## [REQUIREMENT]
A copy of the listing below is needed, exact in every line and without images.

═══ SUPPLIED MATERIAL

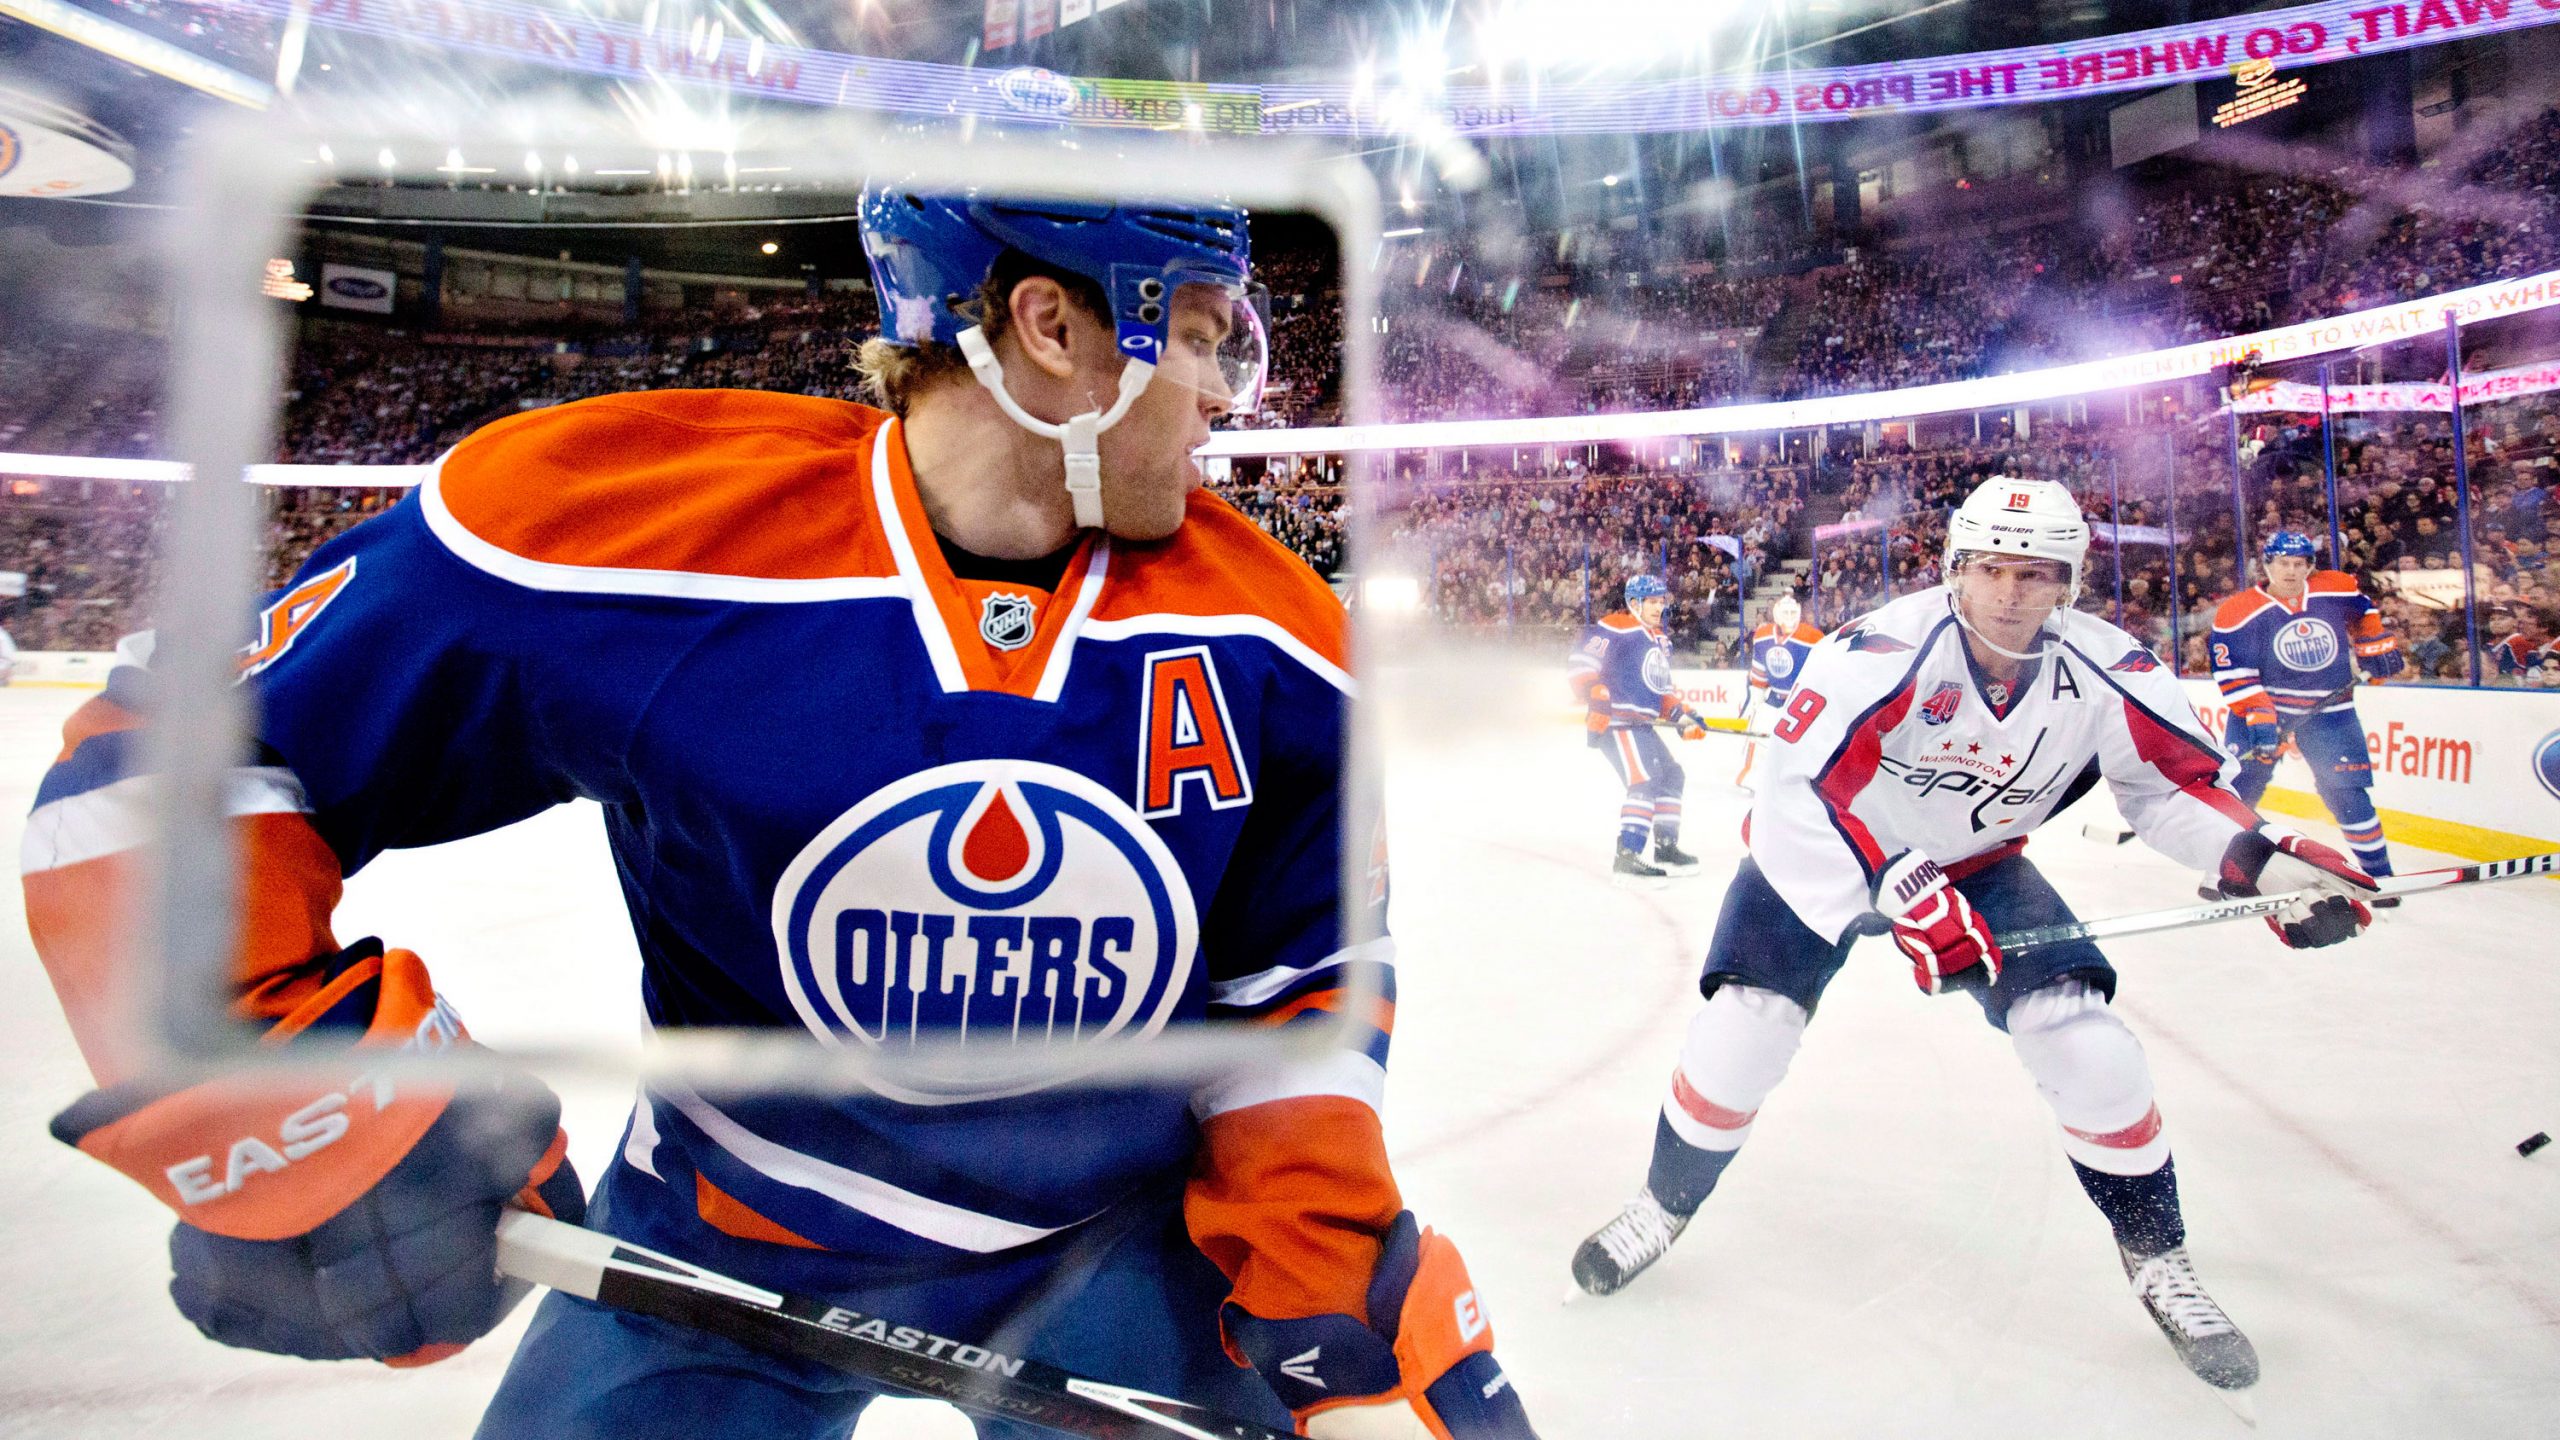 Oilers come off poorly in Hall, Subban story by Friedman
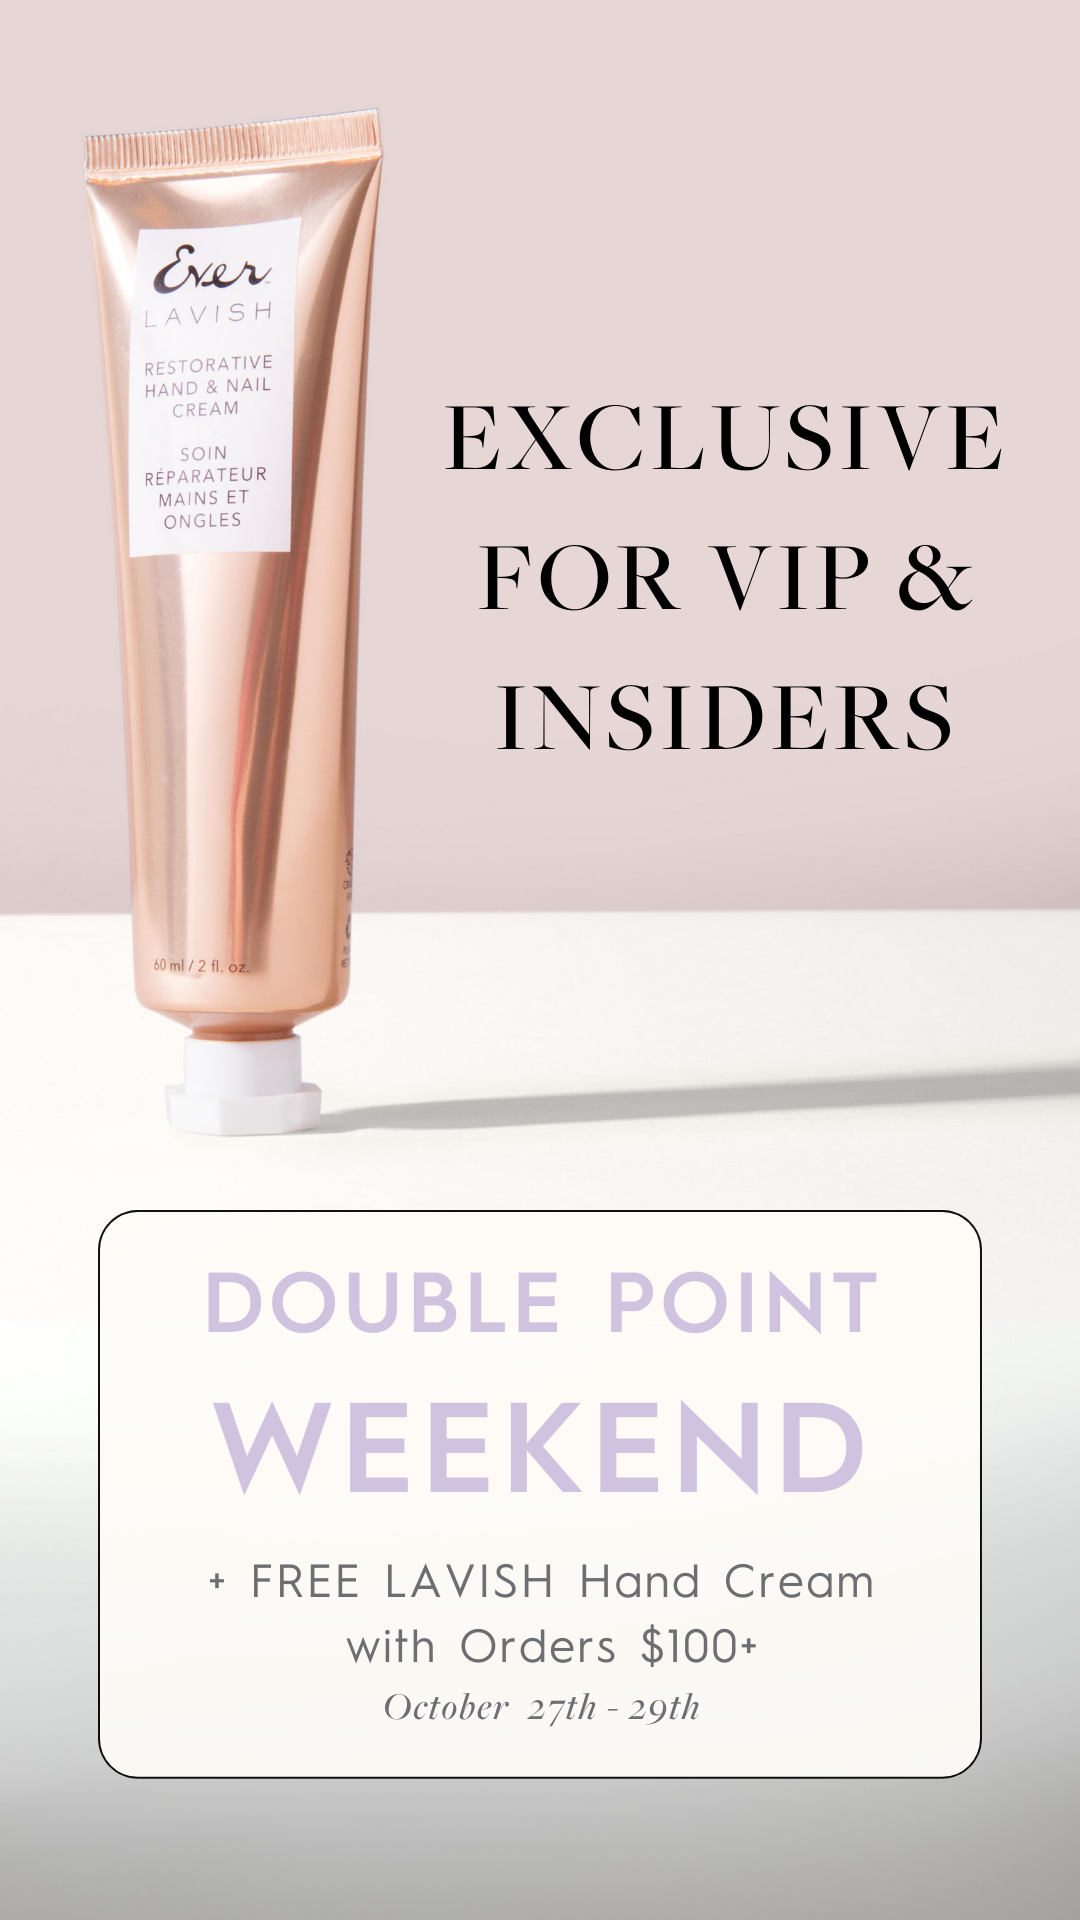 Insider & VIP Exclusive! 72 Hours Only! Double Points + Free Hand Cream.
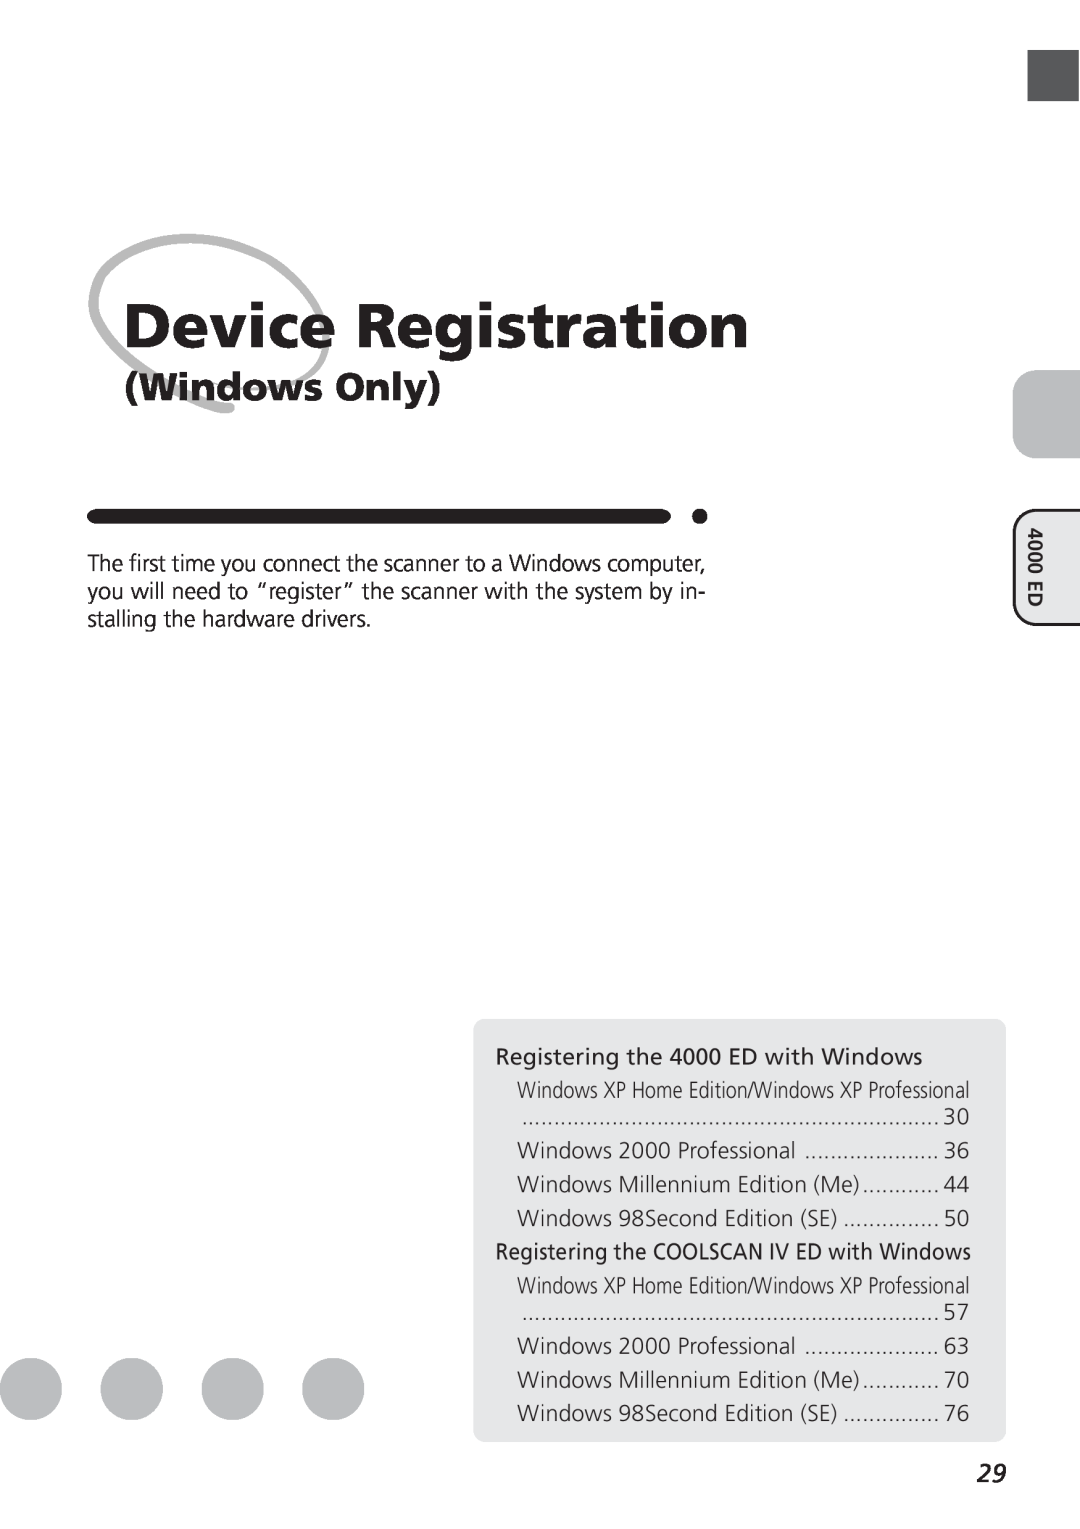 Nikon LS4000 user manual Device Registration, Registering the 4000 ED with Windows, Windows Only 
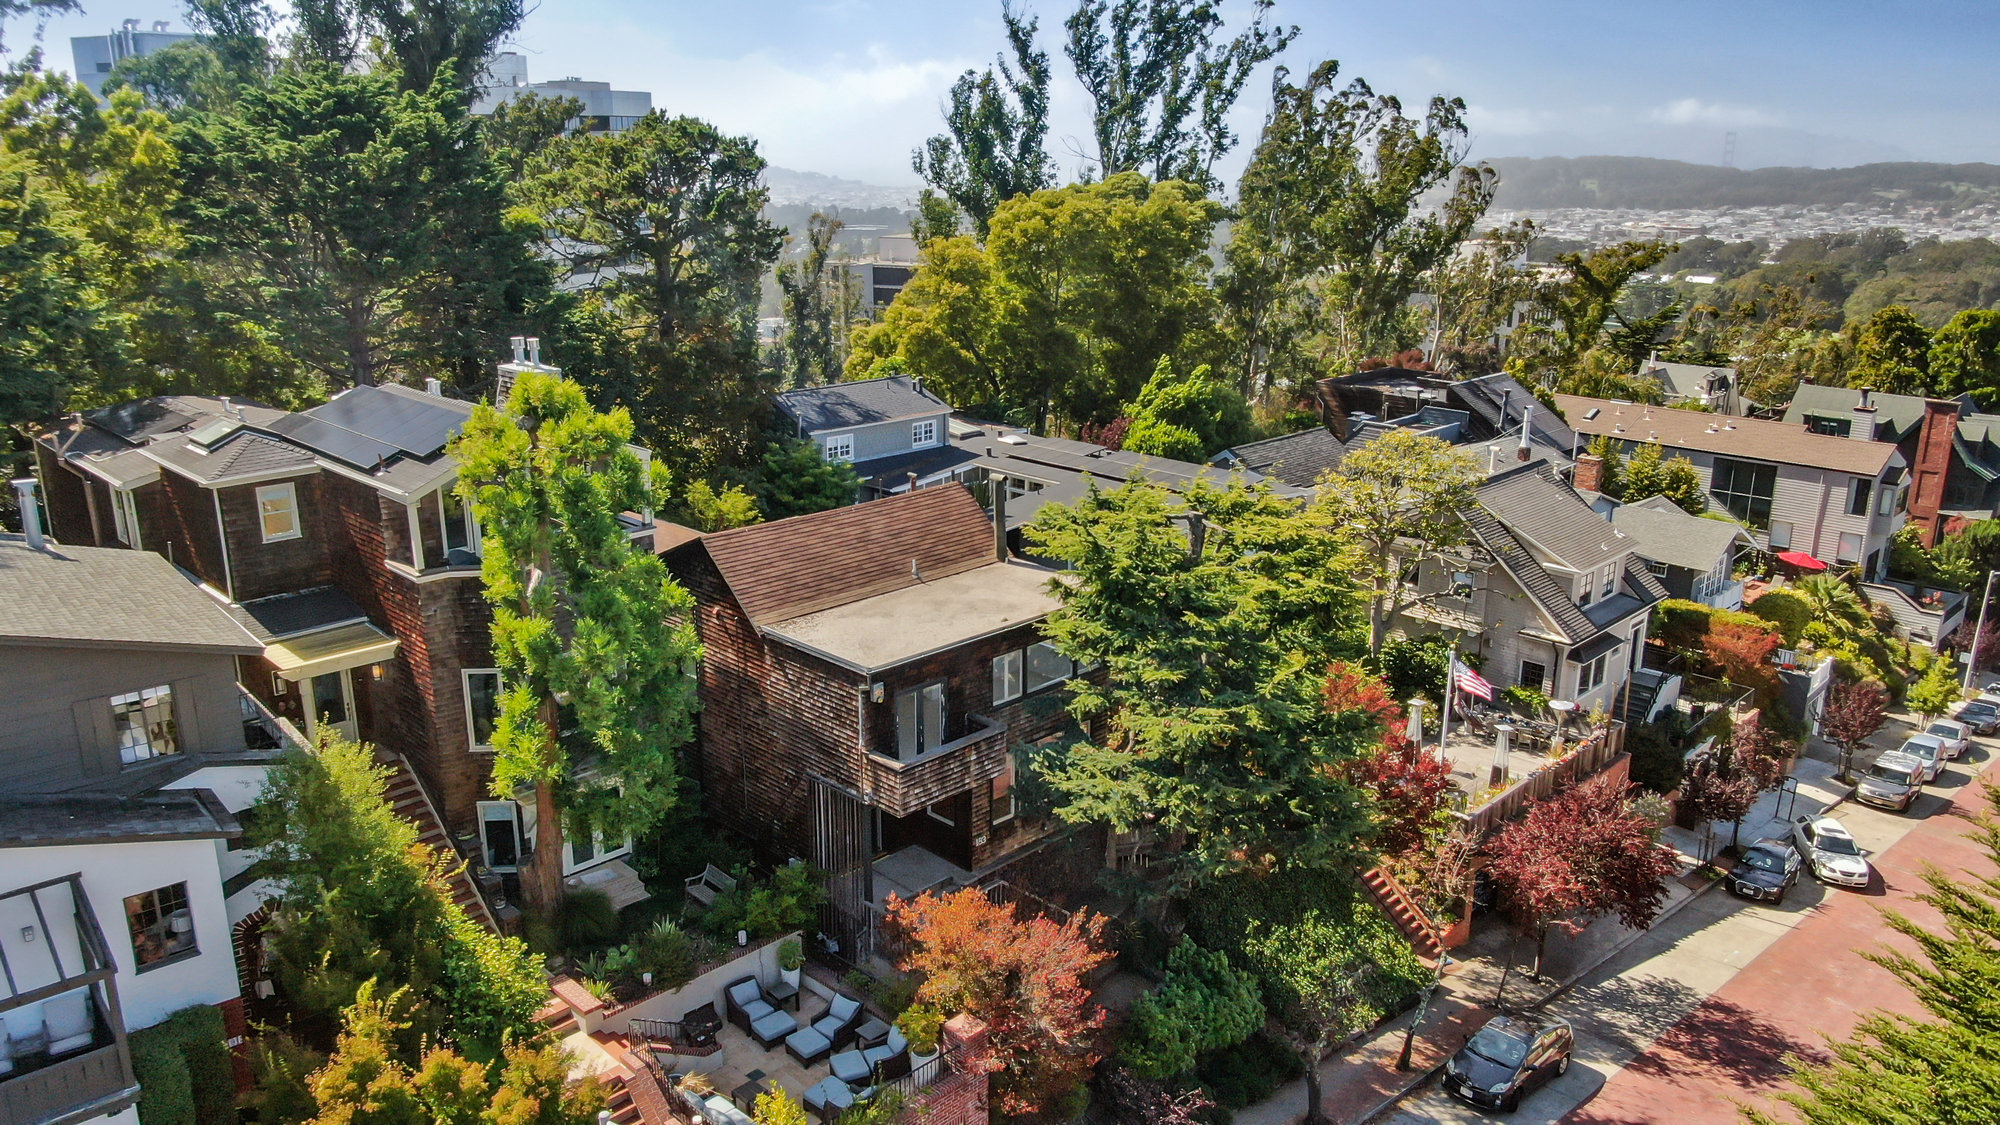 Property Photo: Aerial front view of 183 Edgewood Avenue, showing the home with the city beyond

══════

## [ANSWER AREA]
 Oilers come off poorly in Hall, Subban story by Friedman
 Insider & VIP Exclusive! 72 Hours Only! Double Points + Free Hand Cream.
 Nikon LS4000 user manual Device Registration, Registering the 4000 ED with Windows, Windows Only 
 Property Photo: Aerial front view of 183 Edgewood Avenue, showing the home with the city beyond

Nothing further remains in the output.